The promotion event is the artefact. The route the event takes – who approves, how much review, how much ceremony – should depend on the materiality of the change. A scheduled retrain on the same feature set, the same population, the same hyperparameter grid, where the challenger comparison shows drift within a pre-agreed envelope, does not need a committee. It needs a named approver, a generated comparison, a generated explanation diff against the prior version, and the six-field event. The approver might be a senior engineer on the on-call rota. The review might take ten minutes. The event still gets written, signed, and stored the same way as any other.
A change to the feature set is a different animal. A new feature, a removed feature, a population shift detected in the evaluation slice, a change in the loss function, a new vendor data source – any of these moves the model into territory the previous risk review did not cover. That is what the committee exists for. The event still has the same six fields. The approval request ID just points to a heavier workflow with more named reviewers and a longer audit trail attached to it.
The discipline is to decide the materiality classes in advance and to attach the routing to the change, not to the calendar. Three classes is usually enough:
- Same feature set, same population, drift within envelope. Single approver. Generated artefacts.
- Same feature set, population shift or drift outside envelope. Two approvers, one from risk.
- Feature set change, objective change, or new data source. Full committee review.
I'll concede the counterargument before someone raises it: yes, the boundaries between these classes are fuzzy, and yes, teams will argue about which bucket a particular change falls into. That argument is the point. It is cheaper to argue about classification once, in advance, than to argue about adequacy of review after an incident. Most outages are paid for in advance.

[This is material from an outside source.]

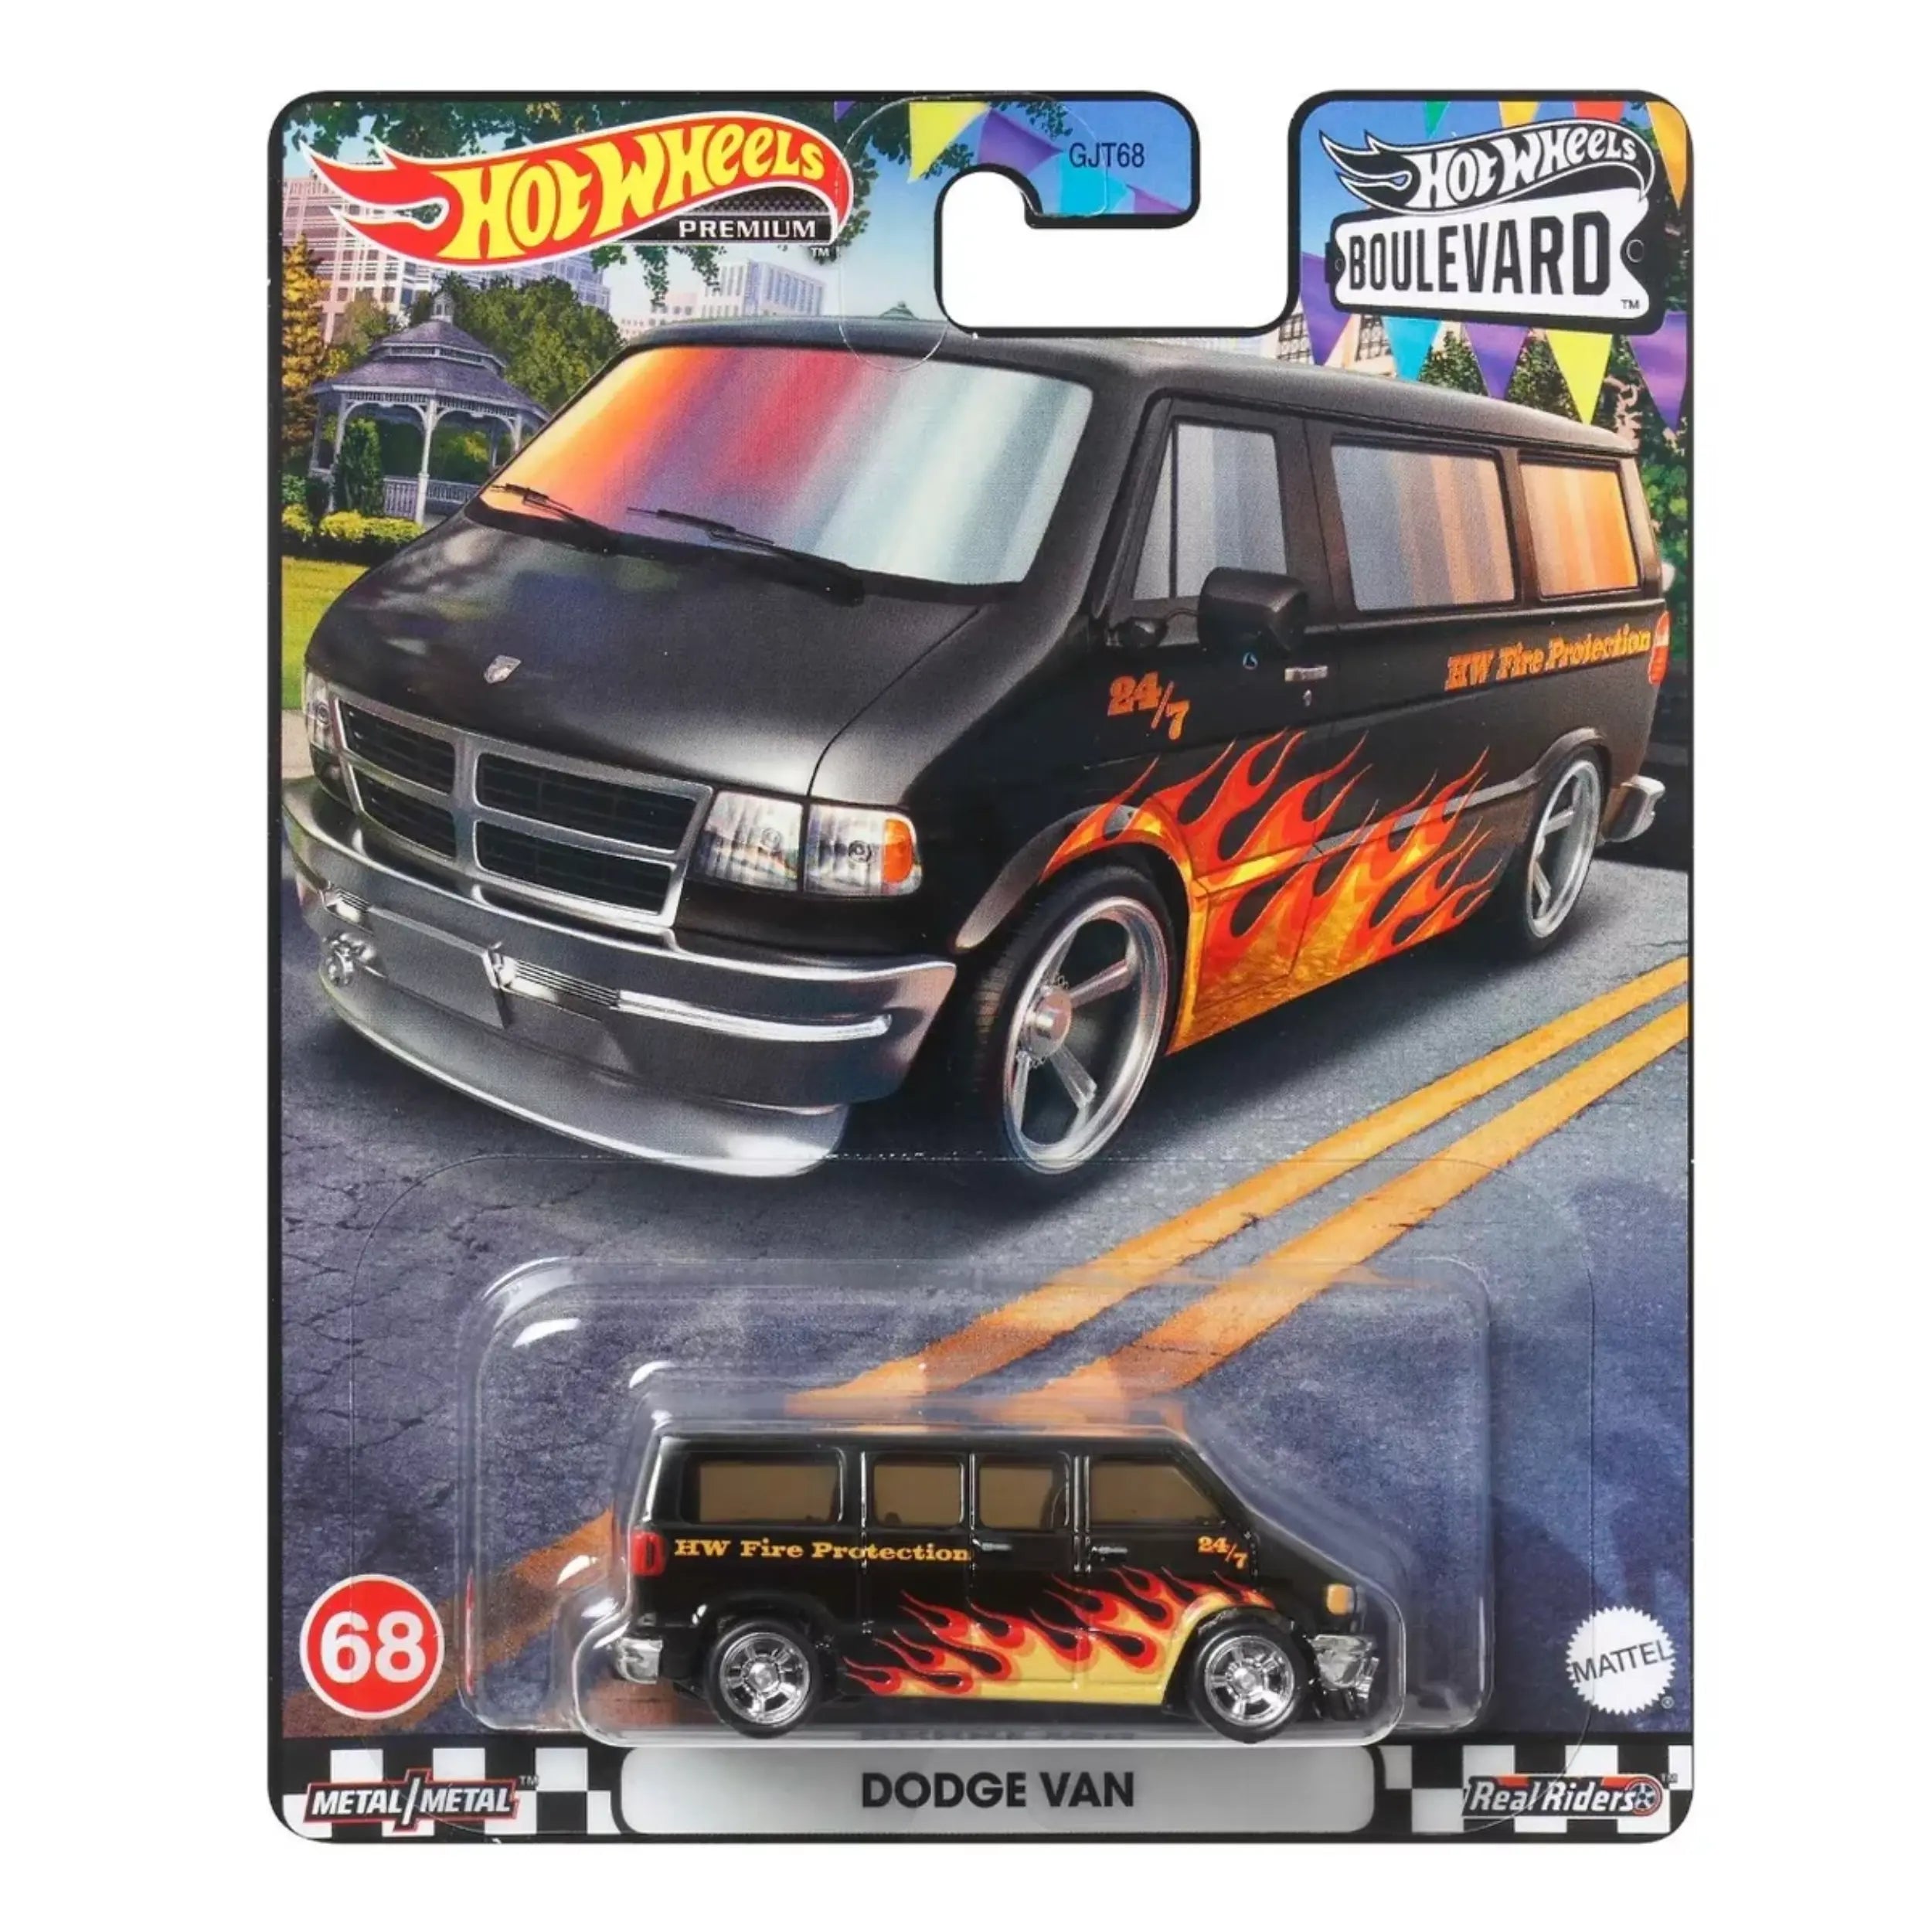 Mattel - Hot Wheels Premium Car Culture Boulevard Vehicle Assortment GJT68 (Random Selection)

The sharp edge of this pattern, where it stops being free: someone has to own the materiality classifier. Not a document. A function in the promotion pipeline that inspects the proposed change and assigns a class. If it is a document, it will be ignored. If it is a check that blocks promotion until a class is assigned and the corresponding approvers have signed, it will be obeyed. The classifier itself becomes a piece of code that needs review, and that review is real work. There is no version of this that is free.
One thing not to do: do not let the registry's stage transition be the trigger for the promotion event. Make the promotion event the trigger for the stage transition. The approval workflow writes the event first, and only on successful write does the registry move the stage. If you wire it the other way, the registry click becomes the source of truth and the event becomes a side effect that can fail silently. You want the event on the critical path. You want a failed event write to block the promotion. Backwards from what feels natural, and correct.
Before your next model promotion, write down the six fields your promotion event must contain and where each one is stored immutably. If any field resolves to a Slack thread, a Jira comment, or a registry timestamp, that field is not yet evidence. Fix it before the next retrain ships.